第十二章 二十七
リンは大人しく方崖への小道を歩いていた。まだ体の節々に痛みが残っていたが、先を行く林玉賦の足取りは早く、時折顔を顰めながらもついていく。
「なぁあんた、親切だな」
「何が?」
「何処の誰とも知らない俺を連れて行ってくれるんだから、あんたは優しいよ」
「じゃあ感謝しな」
「してるさ。あんたの名は何だい? 俺はリン」
「……イン?」
「リンだよリン。何で此処の奴らは皆、一度は聞き返すんだかなぁ」
「何処の出身だい? あまり聞き慣れない音だねぇ」
「んー……生まれた処なんて知らねえよ。育ったのは……色々だ。南方の街は大概行った事あるぜ。で、あんたは?」
「フフ、お前と同じ、リンさ」
「リン……七星でリンと言えば、林玉賦!」
「劉毅は知らなくて、あたしは知ってるのかい?」
本人を前に、しかも北辰七星林玉賦の名を声高に呼び捨てにするリンだったが、当の林玉賦の機嫌は悪くは無かった様で、ごく普通に会話が続いた。
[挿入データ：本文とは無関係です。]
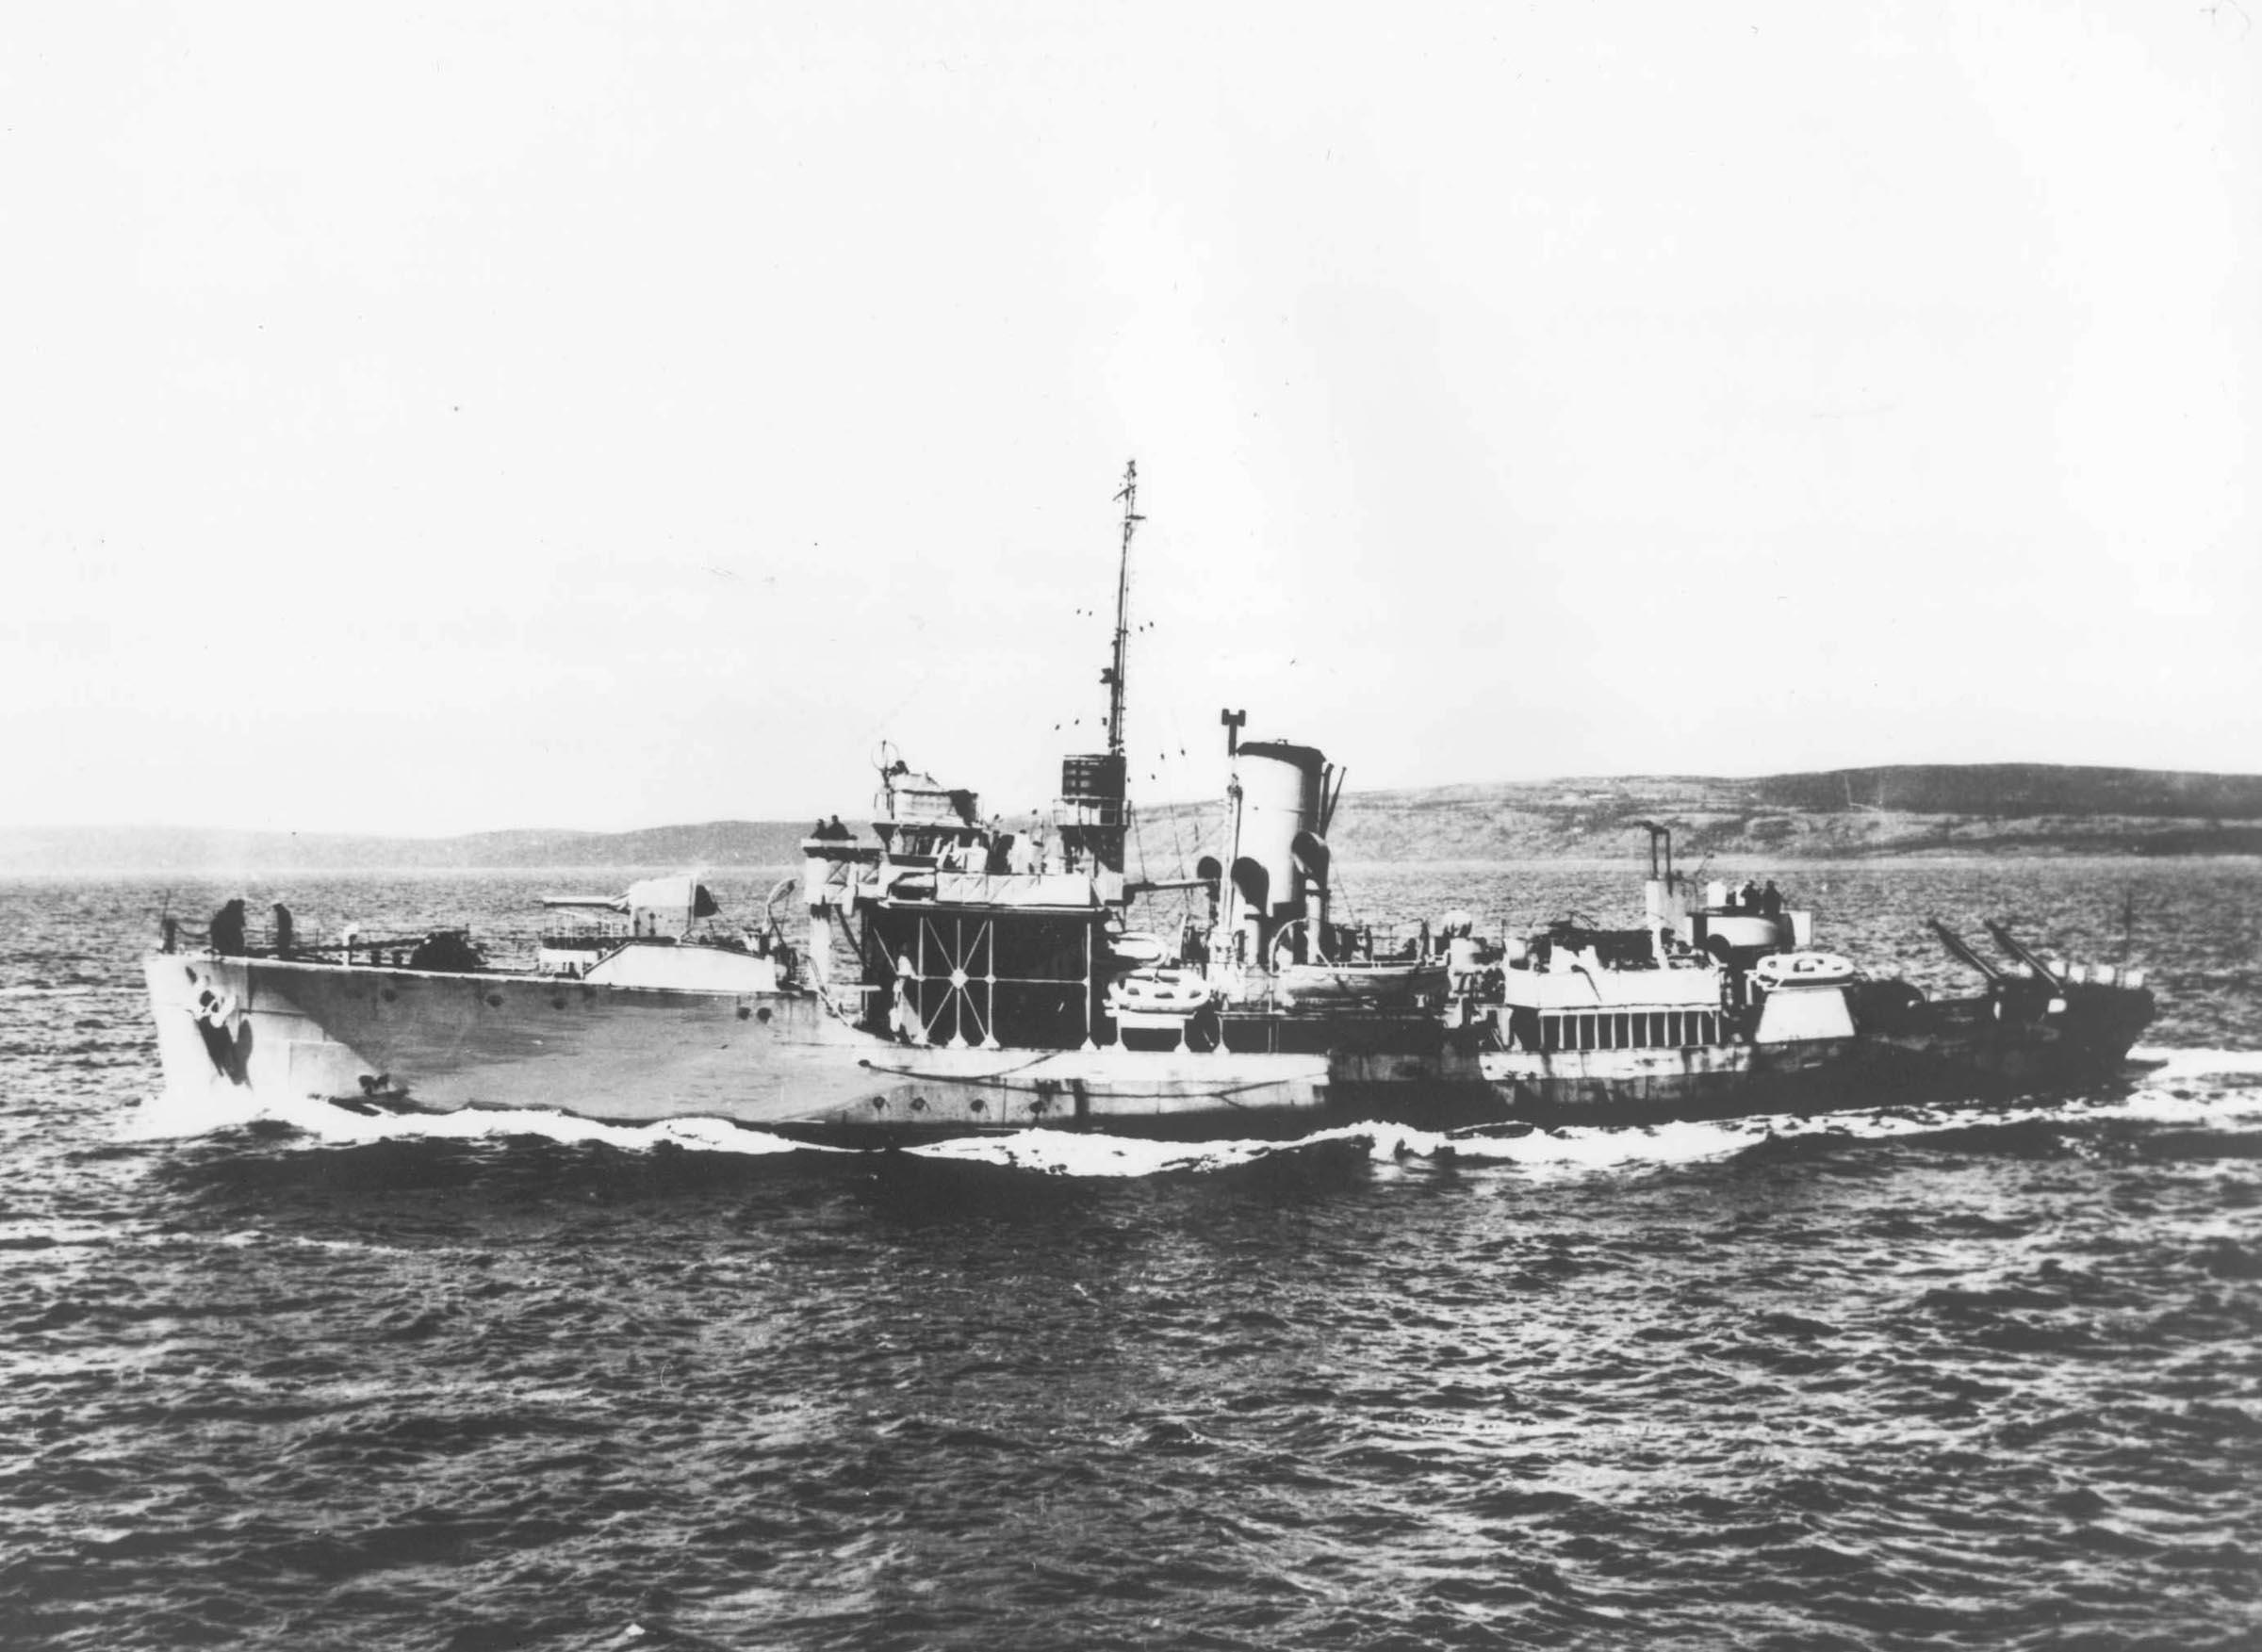 HMCS ALBERNI

「いや、劉毅って名前はよく知ってたさ。九宝寨の事は殆ど知らないってだけだ。あんたの事は……七星に女が居るって聞いて興味があったんでね。どんな奴だろうってね」
「……」
林玉賦は何も答えないままで暫く沈黙する。まだ夜が明けたばかりの小道には他に誰も居らず、ただ鳥の声が響き渡るだけだった。リンの前を行く林玉賦は足音一つ立てていない。リンはその後姿をじっくりと観察する。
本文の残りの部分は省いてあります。